Here we consider the USPAP requirement for “review” – as opposed to “audit” as enabled by EBV.
- Review is defined as “the act or process of developing an opinion about the quality of another appraiser’s work.” (USPAP definitions)
- Audit is defined as “an objective examination and evaluation,” as it applies to financial or business records.
Note that the standard emphasizes a personal “opinion,” while audit emphasizes objective examination. The appraisal standard focuses on the individual, while a business audit focuses on the document.
The main difference between appraisal review and valuation audit is reproducibility. In other words, in EBV, a second valuer can repeat (or replicate) the appraiser’s actions and arrive at the same or measurably similar result.
A critical issue with the use of USPAP for regulation – is that the reviewer’s opinion of the appraiser’s work is itself a wholly subjective opinion. Such an opinion — e.g., that USPAP law has been violated — is strictly another’s opinion of whether the appraiser’s opinion is “complete, accurate, adequate, relevant, and reasonable”.
Each of these criteria – completeness, accuracy, adequacy, relevance, and reasonableness — require the “reviewer” to form a separate opinion. If the reviewer’s opinion differs from the appraiser’s opinion, this is called a “USPAP violation” in administrative law. Then the accused appraiser is presumed to be in violation, needing to prove their work worthy of belief” to another.
Review is subjective. Audit is substantially objective. How is that a good thing?
Reproducible, auditable EBV means that a reliability score can be attached to each valuation! And when a consistent score can be attached, it means that a risk measure can be implemented.
And if a risk measure can be calculated, then the whole process is goal directed. Clients, regulators, administrators – all need to know risk. Risk of collateral loss, risk of not achieving investment goals, or risk of an unfair outcome for taxpayers, judiciary, or minority groups.
For users, especially lenders, it means a direct measure of risk, rather than a past-facing opinion of an unprovable point value. For regulators and bank auditors, it clarifies and relates the collateral risk issue with other risk issues. In particular, the risk of economic turndown can be accounted for!
For the appraiser, EBV requires some unlearning. An understanding of the imprisonment of our acts and behaviors to the outdated, obsolete process is needed to open the mind to better, faster, more accurate results.
The move to EBV requires the ability to select and analyze larger data sets – the complete market segment. The move to EBV requires questioning the old “generally accepted” process. It requires a bit of learning: of visuals, computer calculations, and economic relationships.
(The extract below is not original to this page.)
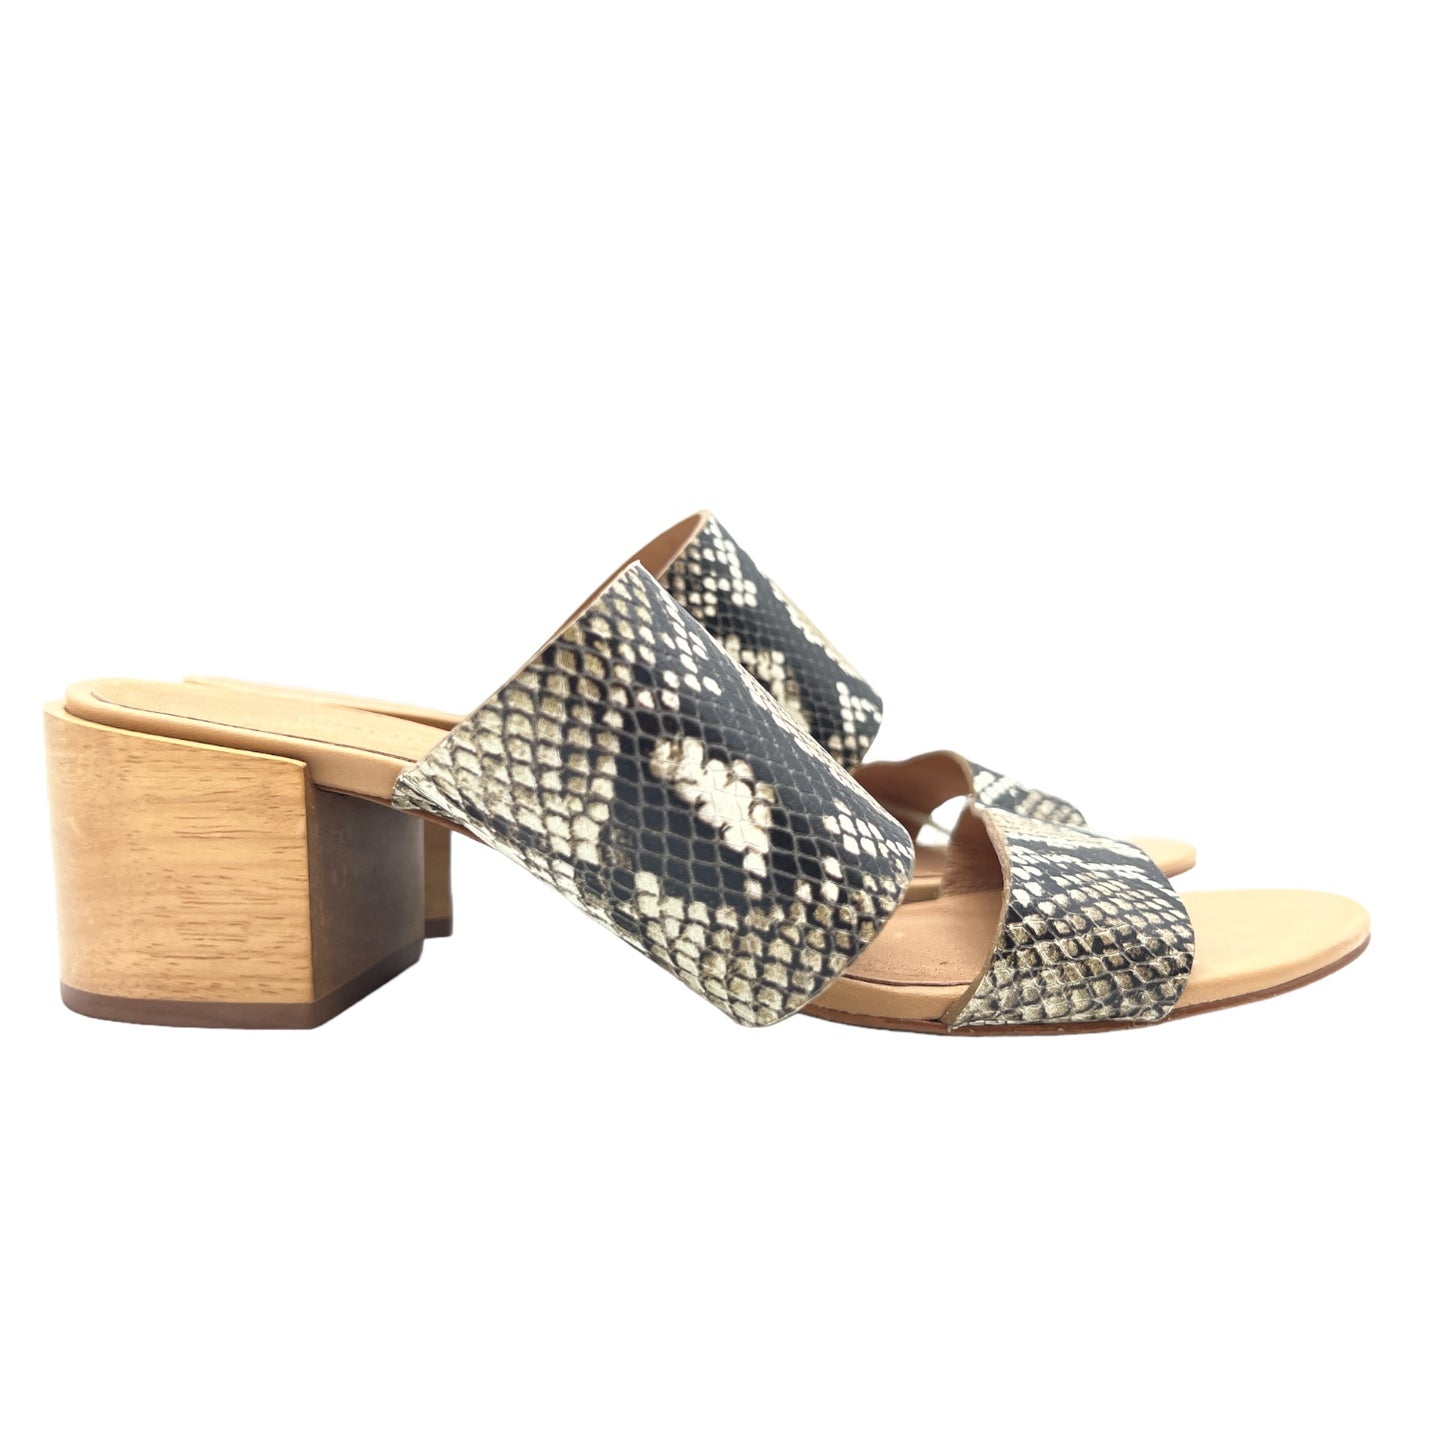 Sandals Heels Block By Madewell  Size: 9

The payoff is good, and much more fun!
Tom Stowe
June 14, 2023 @ 12:08 pm
A review just like an audit must verify the facts first. Is the subject and comparable data factually correct? If not then the appraisal must be rejected and a new appraisal ordered or sent back for correction. The difference between rejection and correction is typically the degree of error and fraud (data that is not verifiable or an outright lie). Large data sets are going to be time consuming to fact check, whether it’s an audit or a review. In my world we review every single appraisal, and we go to court on a regular basis. In my experience audits are just as subjective as a review, either can be thorough or a rubber stamp (and I have had to deal with the consequences of the later). You emphasize in your EBV approach, repeatability of the conclusion and I applaud that. I was taught that a review was just that, could the reader follow the appraisal from start to finish and reach the same conclusion. An appraisal should be written to such a degree that the opposing side never wants to show up in court against you (which has happened several times as we waited at the courtroom door). How do you do that, get your facts right (math, verifications, all of it) and it generally makes the appraisal simple.
I have never seen an attorney bring up USPAP in court, mediation or arbitration.
Are you asking that USPAP change the definition of a review or add an audit function to the review? Or are you saying that there is no need for reviews?